I wasn’t prepared to see 192 lbs this morning. However, there is significant swelling in my feet, indicating I am again retaining fluids. I thought I was not getting enough sodium in my diet, but I may have overdone it adding too much salt. I’ll cut that out completely for the bext few days and see if that is the culprit.
June 23, 2022
Weight: 189.2 Steps: 1968/7600 Daily Calm: 0:40
My Grandniece, Ruby Franklin, is now both a driver and high school graduate. She can rightfully look forward to a bright future ahead.
Back to the low weight for the month. Too soon to know if this will become part of a trend to a lower base line. I’ll be ending the fast after 6/28, but continuing to track, so we’ll see.

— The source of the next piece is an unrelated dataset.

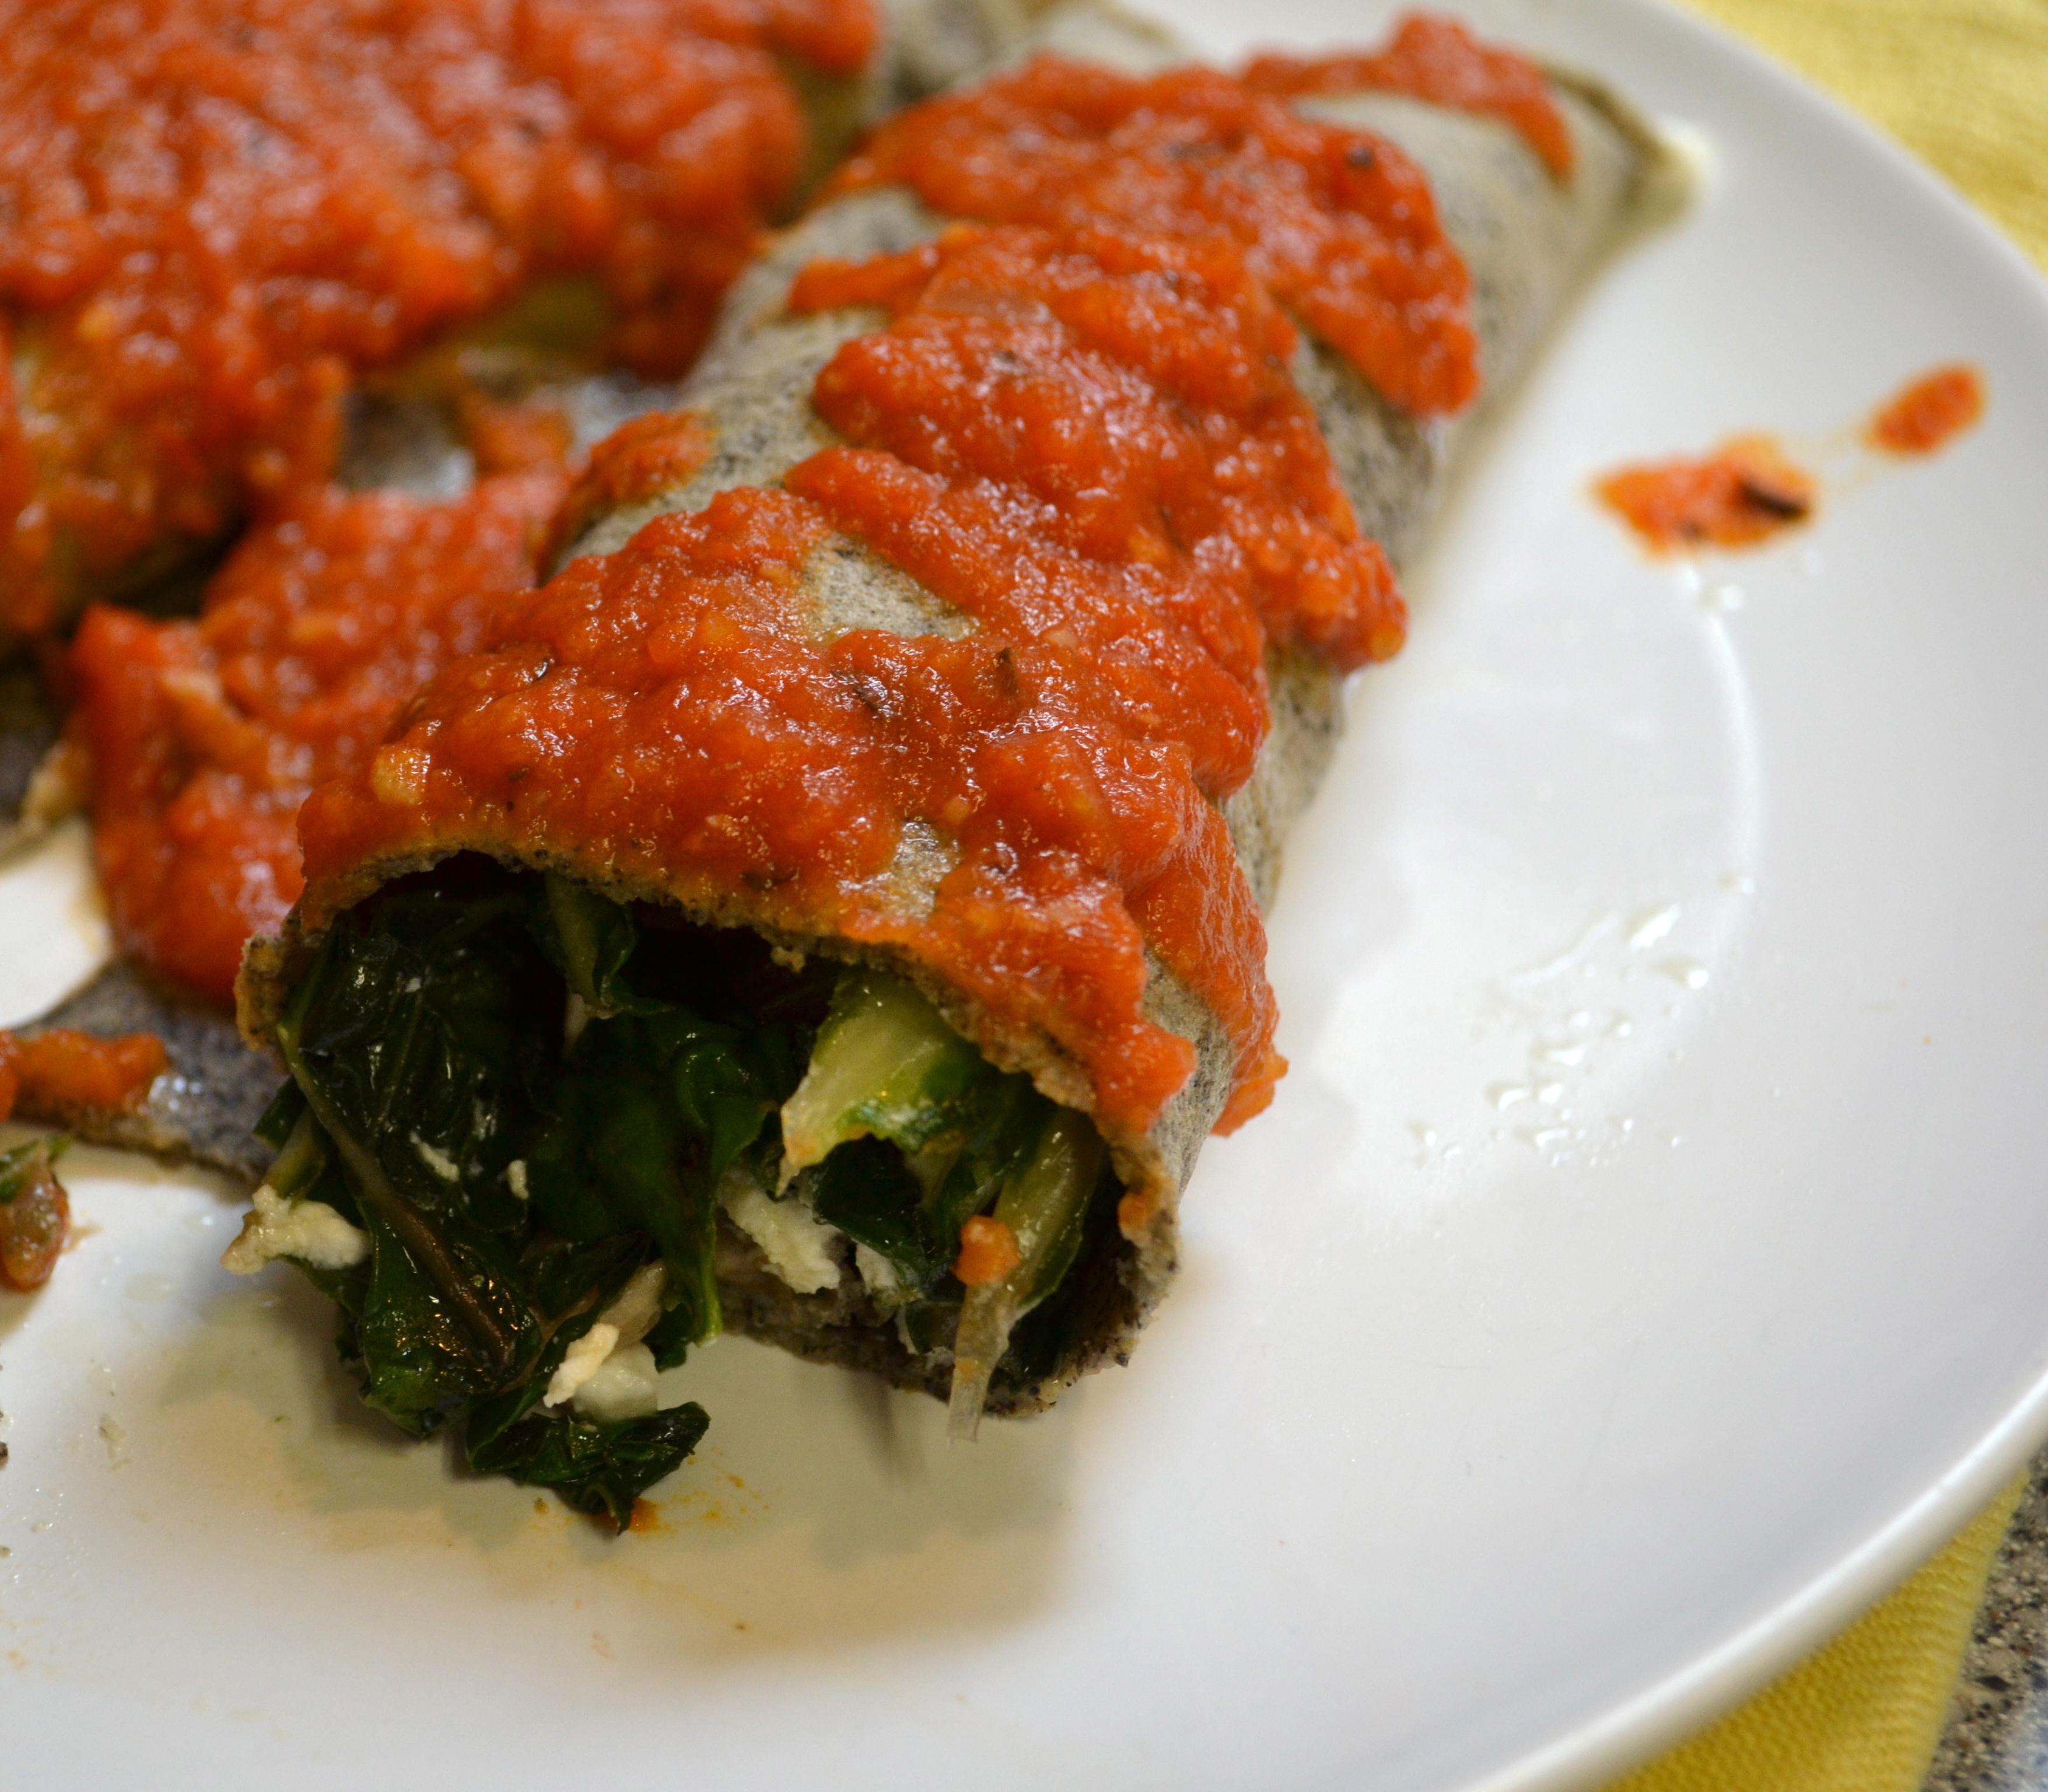 homemade tomato sauce | lushesfood

I haven’t followed through on nearly as much walking, yoga and strength hours as I feel are strongly needed. However, we all have challenges in our day to day lives, I believe even more strongly in Arthur Ashe’s famous quote:
“Start where you are. Use what you have. Do what you can.”
As I’ve stated before, this month is not primarily about weight lose, it is about developing and making a healthy lifestyle plan part of our ongoing day to day lives.
June 26, 2022
Weight: 189.0 Steps: 3666/7600 Daily Calm: 0:35
The little guy was at an afternoon music event, in constant motion, running in 100º heat. Not part of my goals just yet, but I’d sure like to know how many steps he logged in the 2 hours he was there.
I pay attention to, in a learning sort of way, not a concerning way, to small up/down changes in weight from day to day. Yesterday morning was a pancake morning, pretty sizable. Lunch included some leftover pasta. I had an uptick of 0.8 lbs. On 6/25 I weighed in at 188.2, a full 1 lb lower than the previous morning. That was after a more normal breakfast and a nice baked fish for lunch. None of this is enough to change a trend line. However, when I end my fasting it is good to note. I’ll continue some things in moderation, going all in on others.
June 27, 2022
Weight: 188.6 Steps: 4214/7600 Daily Calm: 0:40
Spending the last 2 days of intermittent fasting at Mustang Island State Park, Corpus Christi. I love fresh seafood, so before checking in at my campsite I found a very nice restaurant, Pompanos Seafood House, and had a large lunch. A catch of the day was Black Drum, I chose blackened.